• France-Grèce

Beaucoup de membres de l’équipe hellène joue ou ont joué en France, ces deux équipes ont l’habitude de se jouer, et même si ce n’est pas toujours facile – il y a 2 ans en quart de finale de l’Euro on s’en était sorti à l’arrache – la victoire nous revient à chaque fois. Pour les Bleues la victoire n’était pas impérative… mais en fait si.

L’engagement physique a été maximal dès le début de la rencontre, comme face à la Lettonie les Françaises avaient beaucoup de mal à prendre des tirs avant la toute fin des possessions, il y avait néanmoins beaucoup de rythme. Cette fois, pas de connerie, au lieu de se reposer sur des tirs extérieurs aléatoires, l’EdF a joué sur sa force, le secteur intérieur et les tirs à mi-distance. Bien sûr, le tout en défendant de façon très intense. Pendant toute la première période la raquette était cadenassée, les Grecques étaient à 1/14 à 2 points à la mi-temps (!!!)… mais à 3 points, elles ont commencé par 3/5 et ont pris des rebonds offensifs, ce qui leur a évité de prendre trop vite l’eau.

Sandrine Gruda a inscrit 7 des 11 premiers points français, ça restait très serré à cause de la réussite de Styliani Kaltsidou et de Dimitra Kalentzou à longue distance. Un and one de Jennifer Digbeu et un panier au buzzer d’Endéné Miyem sur rebond offensif ont permis aux Bleues de passer devant. Elles n’ont jamais été rejointes. Pour l’anecdote le sore à la fin du 1er QT était le même que face à la Lettonie (16-13) et le constat assez semblable, on s’en sortait plutôt bien.

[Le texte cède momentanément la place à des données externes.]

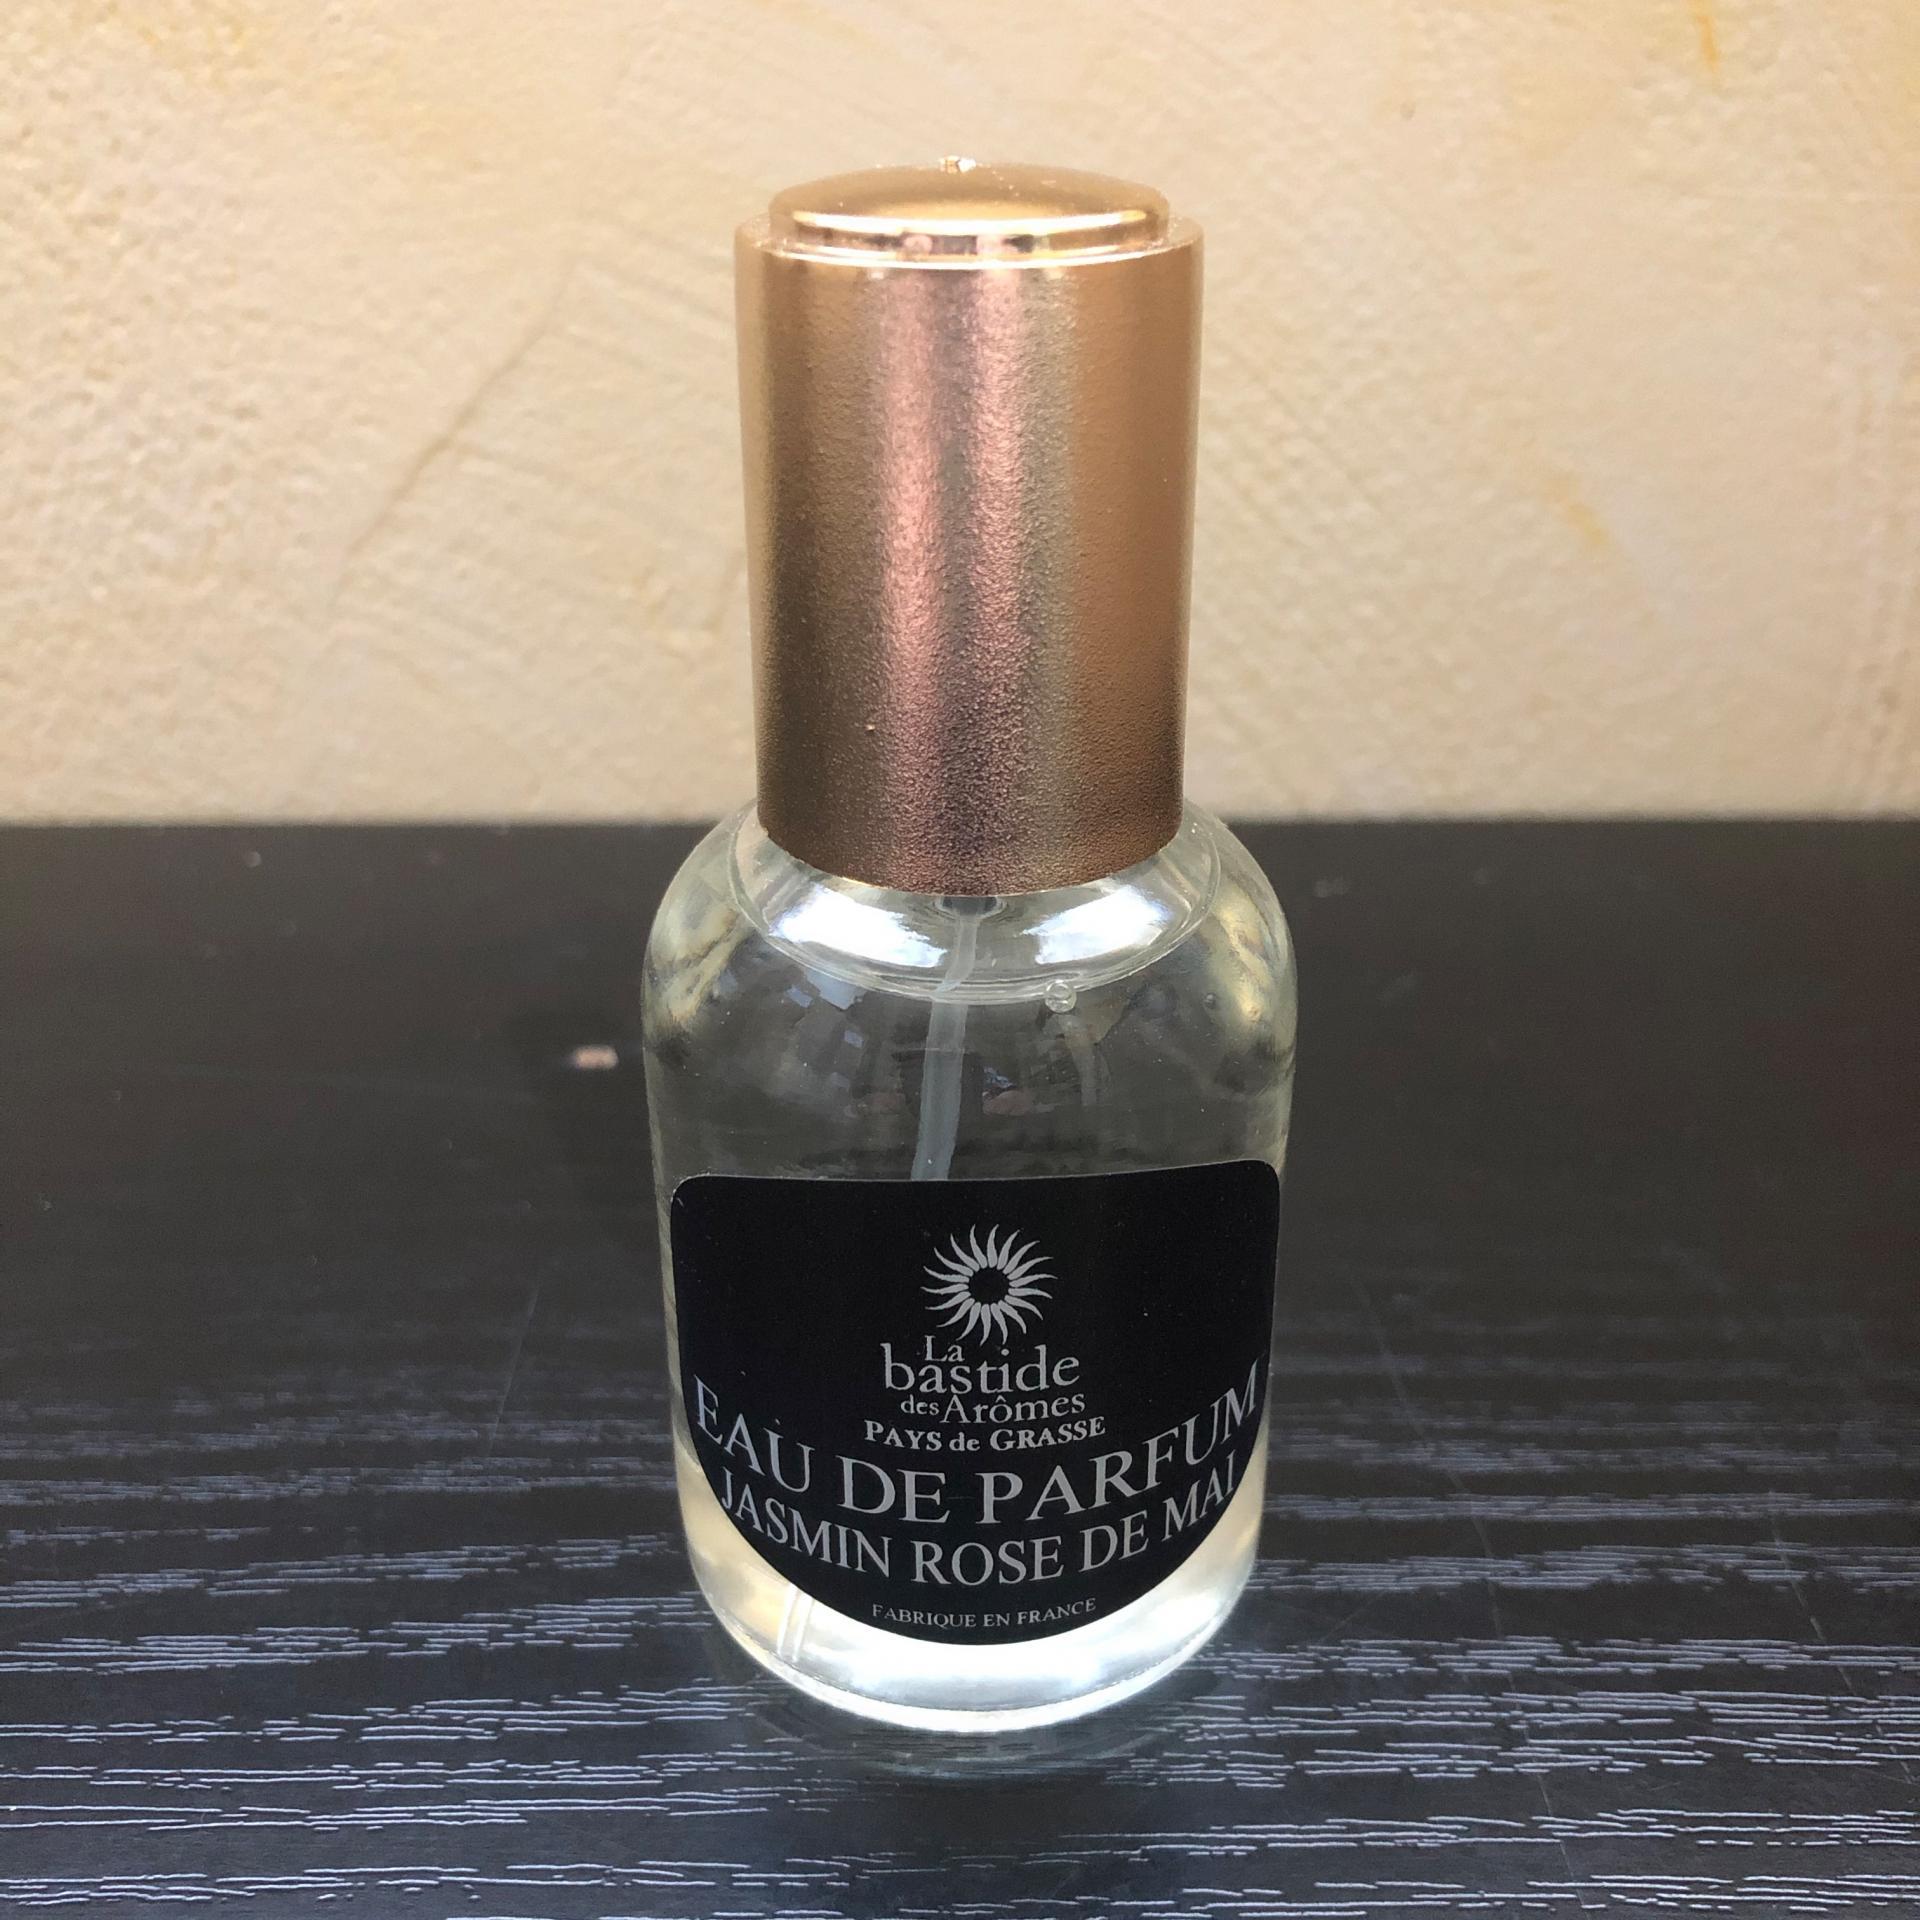 Eau de parfum 50 ml jasmin rose de mai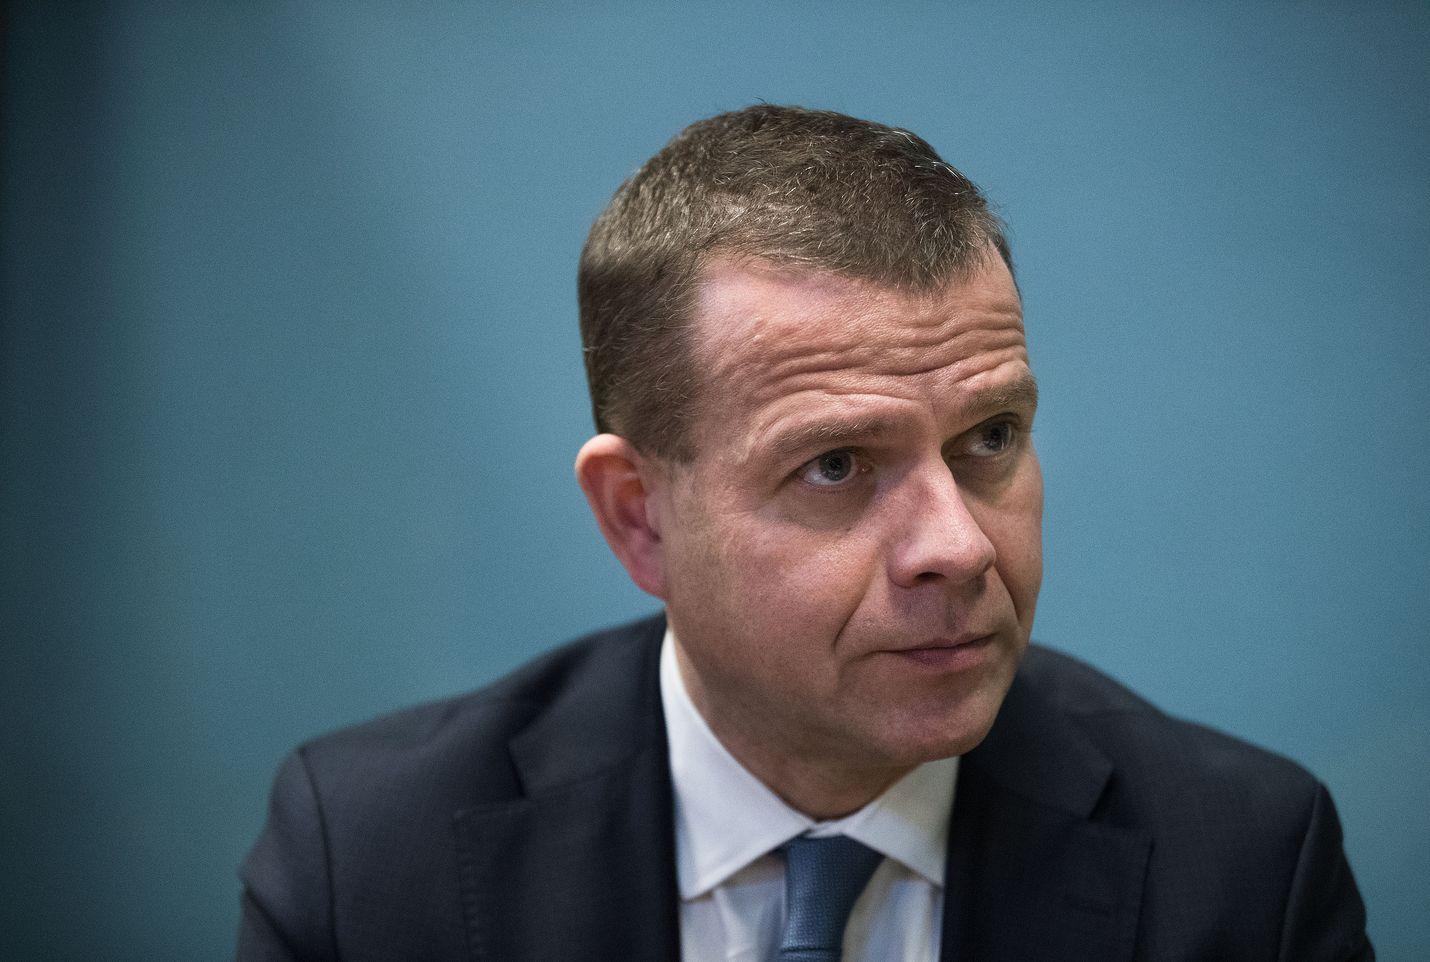 Kokoomuksen puheenjohtaja Petteri Orpo sai jo hyvissä ajoin ennen puoluekokousta Pohjoismaiden ja Baltian maiden puolueiden tuen ehdokkuudelleen. Arkistokuva.

Par la suite, si la circulation du ballon a sensiblement progressé, c’est surtout défensivement – l’ADN du basket français est dans le D de défense – que la différence s’est faite. 6 malheureux points laissés aux Grecques en 10 minutes (un gros 3pts de Kaltsidou et 3 LF), c’est du très lourd. Les Hellènes étaient obligées de beaucoup trop tenter leur chance de loin faute de pouvoir marquer dans la peinture, elles ne pouvaient rien faire de leurs rebonds offensifs.

Le jeu collectif offensif français s’est progressivement remis en place, ce qui a permis à Emilie Gomis de planter 2 paniers à trois points, à Jennifer Digbeu d’aller facilement au layup après une feinte, à Emmeline Ndongue de scorer en contre-attaque, à Sandrine Gruda d’être bien servie dans la peinture, et ainsi de constituer puis creuser progressivement l’écart. Quand les Bleues s’appliquent à créer des décalages en se déplaçant et en faisant bien tourner le ballon, renversent le jeu, ça fonctionne ! Tout n’a pas été parfait, il y a encore eu beaucoup de maladresse sous le cercle, il s’agit d’ailleurs du gros problème des 2 derniers matchs de poule, c’est aussi ce qui a coûté à Isabelle Yacoubou de retourner rapidement sur le banc pour le 2e match consécutif (elle en a loupé 3 de suite). Autre point noir, la 3e faute de Céline Dumerc à plus de 2 minutes de la mi-temps, des coups de sifflet très frustrants car très sévères.
31-19 à la pause, ça allait de mieux en mieux, on avait le sentiment de retrouver l’équipe de France perdue la veille face à la Lettonie. La version féminine – et bien élevée – de Kevin Garnett[1] a régné sur cette première moitié du match : 12 points, 6 rebonds et 5 fautes provoquées, une grosse présence défensive. On n’en attend pas moins d’elle.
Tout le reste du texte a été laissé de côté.